3b. Diamond Push-ups
All push-up variations work your chest, but bringing your hands closer together and doing diamond push-ups increases inner pec activation. This hand position also works your triceps harder than wider push-ups.
How to do it:
- Kneel down and place your hands flat on the floor so that your thumb and first finger form a diamond shape, which is where this exercise gets its name.
- Supporting your weight on your hands, walk your feet back, so your body is straight. Brace your abs.
- Bend your arms and lower your chest to lightly touch the back of your hands. Push yourself back up and repeat, continuing until you can no longer do any more reps.
- Rest a moment and then go back to the previous exercise. Repeat the pairing twice more to do three complete supersets.
4. Narrow Grip Smith Machine Bench Press
While you have probably used a Smith machine for bench presses before, you’ve probably never done it like this! Push your inner pecs to the limit in safety using the narrow grip Smith machine bench press.
How to do it:
- Place a flat bench crossways under the Smith machine bar. Lie on the bench, so the bar runs vertically down your body.
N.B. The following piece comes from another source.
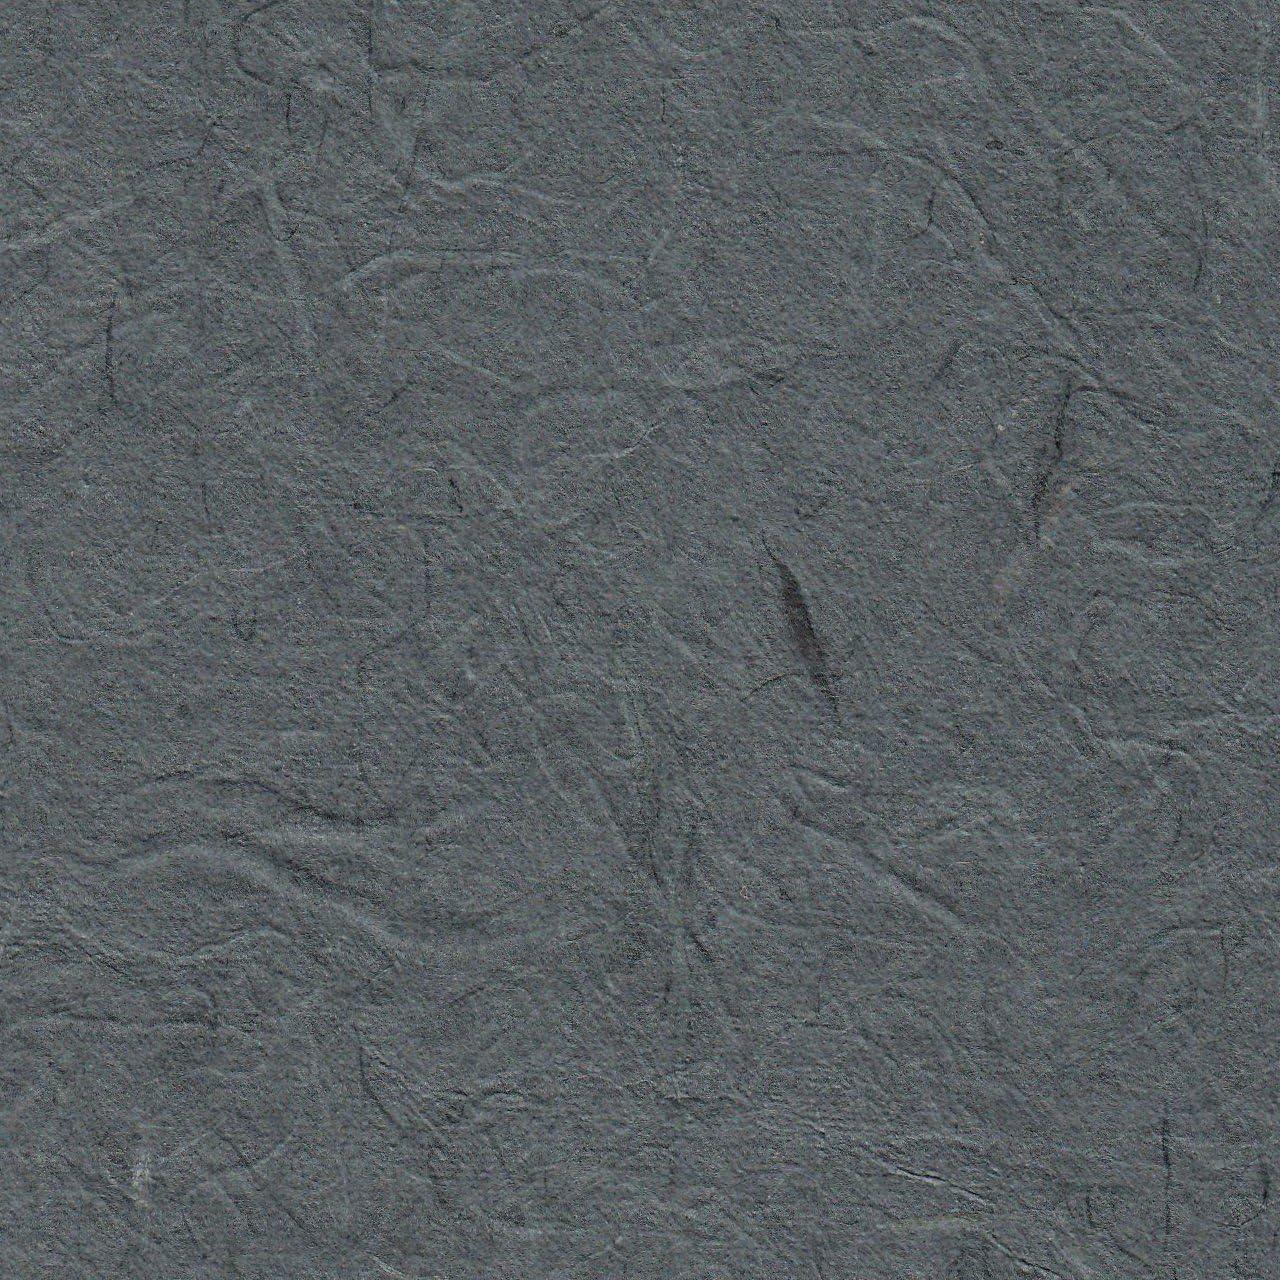 Bianco Carta di gelso Copertura A5 Pink Pig Sketchbook

- Take a V-shaped lat pulldown bar and press it up and against the Smith machine barbell so you can use a narrow, parallel grip. The handle should be roughly level with the center of your chest.
- Pull your shoulders down and back, plant your feet on the floor, and brace your abs.
- Press the weight up and then bend your arms and lower the handle to just above your sternum. Push your hands inward as well as extending your arms upward to maximize inner pec engagement.
5. Svend Press
While we don’t know who Svend is or was, this exercise is an excellent way to finish off your inner pecs. Rather than doing several sets of Sven presses, your goal is to do 100 reps in as few sets as possible. So, rep out to failure, take a few deep breaths, and then go again. Continue until you’ve done all 100 reps and have a wicked chest pump!
How to do it:
- Stand with your feet shoulder-width apart, knees slightly bent, core braced, and shoulders down and back.
- Hold two light weight plates between the palms of your hands. Raise the weights to your chest and press your palms together, fingers pointing forward. Raise your elbows, so they’re roughly chest level.
- Pressing inward as hard as you can, extend your arms out in front of you and then bring the weights back to your chest.
- That’s one rep; keep going!
Depending on your genetics, working more on your inner chest could add a lot to the appearance of your upper body. Deep, separated pecs are very appealing, and if you are lean enough, that could be the difference between having a big chest and picture-perfect pecs.
Remember, though, that muscle shape is primarily determined by genetics, and some people naturally have better pec separation than others. Some lucky lifters may never need to train for increased inner pec development.
But, before you start blaming your genes for your flat mono-chest, try this workout to see just what you are capable of. After all, you won’t know unless you try!